Movie Review: Eye in the Sky

EITS-INTLBesides myself, I could count the number of people in the audience on one hand plus one finger. I mean six. There were six persons in the theater, seven if you count me, which I suppose you should. Granted, it was the first showing of the day, but it wasn’t that early. It was 11:25 a.m., the perfect time for anyone wanting to catch a movie before lunch. Such matinee showings tend to be less populous than later showings, but rarely had I been in a theater with so few people. Maybe this skews my judgement about the popularity of Eye in the Sky, about its success, but I fear it is underperforming in the box office. This is unjust, because it is a movie well worth seeing. It is a tense drama about the inherent dilemmas of war, about the hard choices those waging war must make, and about the psychological price they pay for those choices. It is also, to the best of my knowledge, the first fictional work to explore drone warfare in depth.

Eye in the Sky originated as a BBC movie, but somewhere in its development when that deal fell apart, Gavin Hood (Ender’s Game, X-Men Origins: Wolverine) took over the script by Guy Hibbert. Hood found the backing and filmed the movie in his native South Africa. He cast screen legends Helen Mirren and Alan Rickman with Breaking Bad actor Aaron Paul and relative newcomer Barkhad Abdi, from Captain Phillips. Aisha Takow plays Alia Mo’Allim, a young girl selling bread who plays a pivotal role in the story.
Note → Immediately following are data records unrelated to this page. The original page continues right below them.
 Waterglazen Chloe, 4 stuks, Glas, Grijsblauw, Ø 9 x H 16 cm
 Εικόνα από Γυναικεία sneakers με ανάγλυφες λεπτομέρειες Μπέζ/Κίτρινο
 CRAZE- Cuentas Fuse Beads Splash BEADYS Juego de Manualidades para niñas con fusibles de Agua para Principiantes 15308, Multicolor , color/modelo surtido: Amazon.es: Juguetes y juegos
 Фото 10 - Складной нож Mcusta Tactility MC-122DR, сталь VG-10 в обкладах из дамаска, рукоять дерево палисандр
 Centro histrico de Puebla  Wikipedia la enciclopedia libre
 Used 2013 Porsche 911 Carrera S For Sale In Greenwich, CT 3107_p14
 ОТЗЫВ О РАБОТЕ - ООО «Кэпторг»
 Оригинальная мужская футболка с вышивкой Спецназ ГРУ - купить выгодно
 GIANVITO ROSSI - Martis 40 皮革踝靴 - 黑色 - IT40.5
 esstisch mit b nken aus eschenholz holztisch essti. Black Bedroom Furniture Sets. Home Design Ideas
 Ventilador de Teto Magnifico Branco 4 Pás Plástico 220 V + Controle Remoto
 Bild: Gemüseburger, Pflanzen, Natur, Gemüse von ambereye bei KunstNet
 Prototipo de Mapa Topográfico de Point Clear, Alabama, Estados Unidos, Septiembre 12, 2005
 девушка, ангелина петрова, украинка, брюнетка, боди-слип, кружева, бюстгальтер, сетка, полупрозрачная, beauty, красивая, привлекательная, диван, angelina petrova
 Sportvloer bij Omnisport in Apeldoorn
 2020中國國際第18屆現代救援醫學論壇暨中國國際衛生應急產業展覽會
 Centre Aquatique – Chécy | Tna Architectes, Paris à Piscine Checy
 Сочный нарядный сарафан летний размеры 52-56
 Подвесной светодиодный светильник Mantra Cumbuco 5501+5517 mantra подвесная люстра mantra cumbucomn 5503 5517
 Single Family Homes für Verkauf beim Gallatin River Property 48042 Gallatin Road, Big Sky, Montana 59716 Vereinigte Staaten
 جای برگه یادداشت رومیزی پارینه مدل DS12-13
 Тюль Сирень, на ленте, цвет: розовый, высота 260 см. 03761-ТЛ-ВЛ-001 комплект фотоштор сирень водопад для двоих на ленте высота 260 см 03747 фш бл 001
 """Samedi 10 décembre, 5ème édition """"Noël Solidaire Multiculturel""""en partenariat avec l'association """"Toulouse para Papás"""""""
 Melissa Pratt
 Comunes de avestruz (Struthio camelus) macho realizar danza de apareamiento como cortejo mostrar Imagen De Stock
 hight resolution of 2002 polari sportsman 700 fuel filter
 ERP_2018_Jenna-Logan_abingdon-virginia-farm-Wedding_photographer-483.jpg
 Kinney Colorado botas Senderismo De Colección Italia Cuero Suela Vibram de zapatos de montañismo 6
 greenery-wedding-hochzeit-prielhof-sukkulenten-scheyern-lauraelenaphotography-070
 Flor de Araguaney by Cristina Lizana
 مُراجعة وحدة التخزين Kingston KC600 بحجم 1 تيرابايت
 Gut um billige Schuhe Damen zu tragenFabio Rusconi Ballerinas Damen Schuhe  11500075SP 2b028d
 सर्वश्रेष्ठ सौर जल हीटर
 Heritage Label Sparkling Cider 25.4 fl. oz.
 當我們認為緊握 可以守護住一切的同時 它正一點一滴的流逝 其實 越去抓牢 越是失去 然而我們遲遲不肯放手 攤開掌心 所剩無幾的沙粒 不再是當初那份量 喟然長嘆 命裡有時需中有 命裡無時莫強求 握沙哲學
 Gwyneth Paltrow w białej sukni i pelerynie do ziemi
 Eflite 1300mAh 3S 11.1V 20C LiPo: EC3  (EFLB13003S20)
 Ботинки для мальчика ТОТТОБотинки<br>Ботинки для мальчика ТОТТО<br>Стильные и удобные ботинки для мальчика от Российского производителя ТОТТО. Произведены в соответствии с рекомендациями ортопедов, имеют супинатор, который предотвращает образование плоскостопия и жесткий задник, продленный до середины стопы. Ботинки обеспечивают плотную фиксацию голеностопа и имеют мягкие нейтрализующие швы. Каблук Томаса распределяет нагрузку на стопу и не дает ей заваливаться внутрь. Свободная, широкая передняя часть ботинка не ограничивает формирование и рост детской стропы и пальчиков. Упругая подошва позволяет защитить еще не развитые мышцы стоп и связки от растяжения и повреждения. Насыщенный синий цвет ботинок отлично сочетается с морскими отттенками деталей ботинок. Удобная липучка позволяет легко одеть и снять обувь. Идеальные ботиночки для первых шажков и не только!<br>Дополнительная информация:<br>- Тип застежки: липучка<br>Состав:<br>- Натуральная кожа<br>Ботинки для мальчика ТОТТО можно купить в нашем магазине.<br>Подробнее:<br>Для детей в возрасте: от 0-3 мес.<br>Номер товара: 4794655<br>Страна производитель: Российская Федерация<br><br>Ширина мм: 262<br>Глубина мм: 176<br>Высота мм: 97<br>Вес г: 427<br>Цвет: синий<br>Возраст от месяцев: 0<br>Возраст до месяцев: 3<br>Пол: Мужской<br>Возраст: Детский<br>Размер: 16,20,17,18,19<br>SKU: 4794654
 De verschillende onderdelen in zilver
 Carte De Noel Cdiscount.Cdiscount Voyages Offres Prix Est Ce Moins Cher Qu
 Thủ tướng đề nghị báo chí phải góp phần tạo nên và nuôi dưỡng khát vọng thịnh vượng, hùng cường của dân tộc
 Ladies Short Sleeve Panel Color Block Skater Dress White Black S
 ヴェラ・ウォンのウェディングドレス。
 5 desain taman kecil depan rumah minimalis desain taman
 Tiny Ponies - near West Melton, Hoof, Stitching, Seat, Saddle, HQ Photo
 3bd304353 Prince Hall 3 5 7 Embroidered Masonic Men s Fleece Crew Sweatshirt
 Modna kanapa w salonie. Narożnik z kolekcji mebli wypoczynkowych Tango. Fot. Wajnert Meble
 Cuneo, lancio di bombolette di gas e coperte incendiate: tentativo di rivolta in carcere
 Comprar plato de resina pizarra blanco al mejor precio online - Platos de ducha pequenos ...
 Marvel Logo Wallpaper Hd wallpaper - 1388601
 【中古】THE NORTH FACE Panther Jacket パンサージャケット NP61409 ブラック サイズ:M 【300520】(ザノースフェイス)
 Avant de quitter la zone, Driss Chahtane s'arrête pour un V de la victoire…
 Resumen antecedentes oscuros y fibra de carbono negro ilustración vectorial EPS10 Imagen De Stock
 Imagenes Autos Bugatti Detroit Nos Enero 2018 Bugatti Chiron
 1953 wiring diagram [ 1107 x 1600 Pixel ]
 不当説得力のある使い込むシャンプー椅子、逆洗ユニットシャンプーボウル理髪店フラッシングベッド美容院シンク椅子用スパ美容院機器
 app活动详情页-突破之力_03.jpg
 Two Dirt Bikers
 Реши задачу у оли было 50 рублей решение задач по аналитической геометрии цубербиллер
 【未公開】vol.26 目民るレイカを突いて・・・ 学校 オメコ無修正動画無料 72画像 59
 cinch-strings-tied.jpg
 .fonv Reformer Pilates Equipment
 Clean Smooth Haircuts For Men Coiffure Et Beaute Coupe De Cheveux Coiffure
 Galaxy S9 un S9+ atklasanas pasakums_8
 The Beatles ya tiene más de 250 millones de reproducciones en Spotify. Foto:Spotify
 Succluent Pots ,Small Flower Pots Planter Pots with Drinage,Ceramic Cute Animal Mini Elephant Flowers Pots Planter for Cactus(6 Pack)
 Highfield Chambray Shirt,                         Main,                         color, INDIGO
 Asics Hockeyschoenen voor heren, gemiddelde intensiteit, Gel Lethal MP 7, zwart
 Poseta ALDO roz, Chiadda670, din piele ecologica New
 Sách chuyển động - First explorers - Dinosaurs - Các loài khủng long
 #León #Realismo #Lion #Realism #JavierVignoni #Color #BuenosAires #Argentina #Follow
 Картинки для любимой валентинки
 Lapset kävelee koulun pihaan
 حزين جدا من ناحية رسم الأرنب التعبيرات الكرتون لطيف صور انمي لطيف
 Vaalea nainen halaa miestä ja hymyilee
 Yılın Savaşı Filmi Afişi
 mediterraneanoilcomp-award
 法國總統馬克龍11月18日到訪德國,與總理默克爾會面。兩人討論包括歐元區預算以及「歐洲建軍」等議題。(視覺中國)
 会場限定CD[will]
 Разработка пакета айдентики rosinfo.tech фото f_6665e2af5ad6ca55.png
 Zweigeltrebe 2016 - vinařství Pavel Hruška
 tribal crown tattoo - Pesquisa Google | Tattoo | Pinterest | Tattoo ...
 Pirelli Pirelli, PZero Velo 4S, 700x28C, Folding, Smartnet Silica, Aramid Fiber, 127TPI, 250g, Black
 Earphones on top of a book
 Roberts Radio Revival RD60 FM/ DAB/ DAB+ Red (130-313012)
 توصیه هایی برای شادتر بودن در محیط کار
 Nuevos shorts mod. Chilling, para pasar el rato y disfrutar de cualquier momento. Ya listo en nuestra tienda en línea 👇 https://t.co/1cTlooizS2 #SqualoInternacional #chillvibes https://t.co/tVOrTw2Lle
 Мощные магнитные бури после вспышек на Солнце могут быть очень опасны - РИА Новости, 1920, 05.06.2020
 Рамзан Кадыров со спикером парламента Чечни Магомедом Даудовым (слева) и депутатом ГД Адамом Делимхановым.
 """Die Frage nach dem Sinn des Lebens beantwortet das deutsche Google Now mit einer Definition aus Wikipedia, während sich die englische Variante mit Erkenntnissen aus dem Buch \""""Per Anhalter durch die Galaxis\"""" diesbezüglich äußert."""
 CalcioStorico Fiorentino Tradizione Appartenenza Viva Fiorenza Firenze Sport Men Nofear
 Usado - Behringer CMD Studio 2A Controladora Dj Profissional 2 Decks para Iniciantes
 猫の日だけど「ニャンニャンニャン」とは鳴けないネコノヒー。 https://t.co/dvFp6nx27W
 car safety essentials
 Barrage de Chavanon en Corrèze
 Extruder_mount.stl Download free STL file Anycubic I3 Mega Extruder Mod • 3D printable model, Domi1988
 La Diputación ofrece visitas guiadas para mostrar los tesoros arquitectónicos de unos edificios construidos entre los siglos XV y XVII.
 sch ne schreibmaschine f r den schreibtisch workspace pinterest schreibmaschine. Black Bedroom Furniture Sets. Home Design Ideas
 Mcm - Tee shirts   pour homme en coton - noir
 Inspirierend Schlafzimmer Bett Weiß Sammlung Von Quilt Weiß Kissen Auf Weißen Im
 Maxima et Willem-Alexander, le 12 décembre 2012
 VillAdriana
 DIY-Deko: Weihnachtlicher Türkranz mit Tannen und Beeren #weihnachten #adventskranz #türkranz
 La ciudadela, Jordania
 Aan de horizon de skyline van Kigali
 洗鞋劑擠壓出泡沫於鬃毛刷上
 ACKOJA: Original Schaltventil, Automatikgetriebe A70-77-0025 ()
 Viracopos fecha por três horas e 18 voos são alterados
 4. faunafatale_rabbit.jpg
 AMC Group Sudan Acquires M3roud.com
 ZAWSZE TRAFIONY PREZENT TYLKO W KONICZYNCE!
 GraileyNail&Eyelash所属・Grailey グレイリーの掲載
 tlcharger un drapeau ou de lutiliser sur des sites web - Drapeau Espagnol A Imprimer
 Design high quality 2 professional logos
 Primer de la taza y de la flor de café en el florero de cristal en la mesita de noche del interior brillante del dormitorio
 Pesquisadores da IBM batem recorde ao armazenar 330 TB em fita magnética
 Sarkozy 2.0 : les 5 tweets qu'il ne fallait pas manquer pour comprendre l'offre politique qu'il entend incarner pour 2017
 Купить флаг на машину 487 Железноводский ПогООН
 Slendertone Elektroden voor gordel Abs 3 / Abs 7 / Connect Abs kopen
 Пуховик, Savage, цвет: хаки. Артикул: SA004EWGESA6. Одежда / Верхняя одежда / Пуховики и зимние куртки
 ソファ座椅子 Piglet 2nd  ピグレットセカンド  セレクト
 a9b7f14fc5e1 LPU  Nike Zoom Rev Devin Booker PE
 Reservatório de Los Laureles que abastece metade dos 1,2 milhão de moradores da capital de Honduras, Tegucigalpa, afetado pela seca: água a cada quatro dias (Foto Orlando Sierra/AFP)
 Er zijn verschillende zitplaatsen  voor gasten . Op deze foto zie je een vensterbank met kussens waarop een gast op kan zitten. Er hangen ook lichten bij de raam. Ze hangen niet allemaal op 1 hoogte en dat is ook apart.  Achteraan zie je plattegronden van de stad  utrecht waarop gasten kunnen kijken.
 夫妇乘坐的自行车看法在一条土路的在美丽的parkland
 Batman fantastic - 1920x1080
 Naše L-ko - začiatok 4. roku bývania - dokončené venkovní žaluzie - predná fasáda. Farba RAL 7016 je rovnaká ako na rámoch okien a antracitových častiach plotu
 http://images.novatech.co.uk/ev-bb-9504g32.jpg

This is a war movie, but in tone and drama, it plays out more like 12 Angry Men than Saving Private Ryan. It’s an absurdity: The warriors are in Las Vegas, the officers are in England, and the battlefield is a militia-held territory in Kenya. For years, Colonel Katherine Powell (Mirren) had been tracking Susan Danford aka Ayesha AL-Hady, a British national who had become radicalized and joined a terrorist organization. She had finally pinpointed Danford, with the aid of a spy on the ground (Abdi). Meanwhile in a boardroom equipped with close-circuit TV, General Benson (Rickman) monitors the mission with high-ranking ministers from the British government. Though the original mission was to capture Danford, it became a kill mission when they learned she was preparing two suicide bombers. The drone pilot, Steve Watts (Paul) and his assistant, Carrie Gershon (Phoebe Fox), must carry out the kill mission, but neither had fired a Hellfire missile before. Needless to say, they suffer qualms.

They share these qualms with British ministers. With legal, political, and diplomatic ramifications at stake, this action is debated and referred to such people as the Foreign Minister and the US Secretary of State. No one wants to take full responsibility for this action. And the situation becomes more complicated when Alia shows up outside the target house to sell bread. She gives a face to “collateral damage.” Since she would also likely perish in the drone strike, the dilemma becomes: Is it better to kill one innocent to stop a suicide bombing or to abort the mission, which means the suicide bombers would complete their missions. To Benson and Powell, there is no option than to carry out the strike, but to the government ministers and the drone pilots, who must squeeze the trigger, the moral high ground is not so easily defined.

Though the war against terrorism is the background conflict in this movie, the dramatic conflict of Eye in the Sky is the debate over this dilemma. Maybe you learned in school that literary conflict is between good versus evil, and though that applies for many stories, good versus good often tells a more compelling story. That is the case in this movie, where the central issue is whether to spare Alia’s life or to stop a suicide bombing.

Besides the terrorists, who have no speaking roles in this movie, there are no bad guys here, no villains. Character development fuels this movie. We understand the players on the screen: Powell who must complete her mission, General Benson who must convince the politicians this is the right course, and Watts who would prefer to never squeeze the trigger. Good acting is essential in such movies, and all the performers performed well. This allows us to believe that we are watching real people in a real situation, as events unfold in real time. Though Eye in the Sky is slow movie at the beginning, as the characters are established and the conflict develops, that tension builds us to climax and the emotional release that ensues from it. In lessor hands, this movie would’ve felt sentimental, but in Hood’s hands, the emotions felt honest. I cried drying the climax. In fact, my eyes were still teary as I left the theater. Thinking about it still brings tears to my eyes.

As I am sure you can tell by the above comments, I recommend Eye in the Sky. Though I don’t believe it is driving a lot of viewers to the theater, those who do see it are rewarded with an intellectual and emotional drama.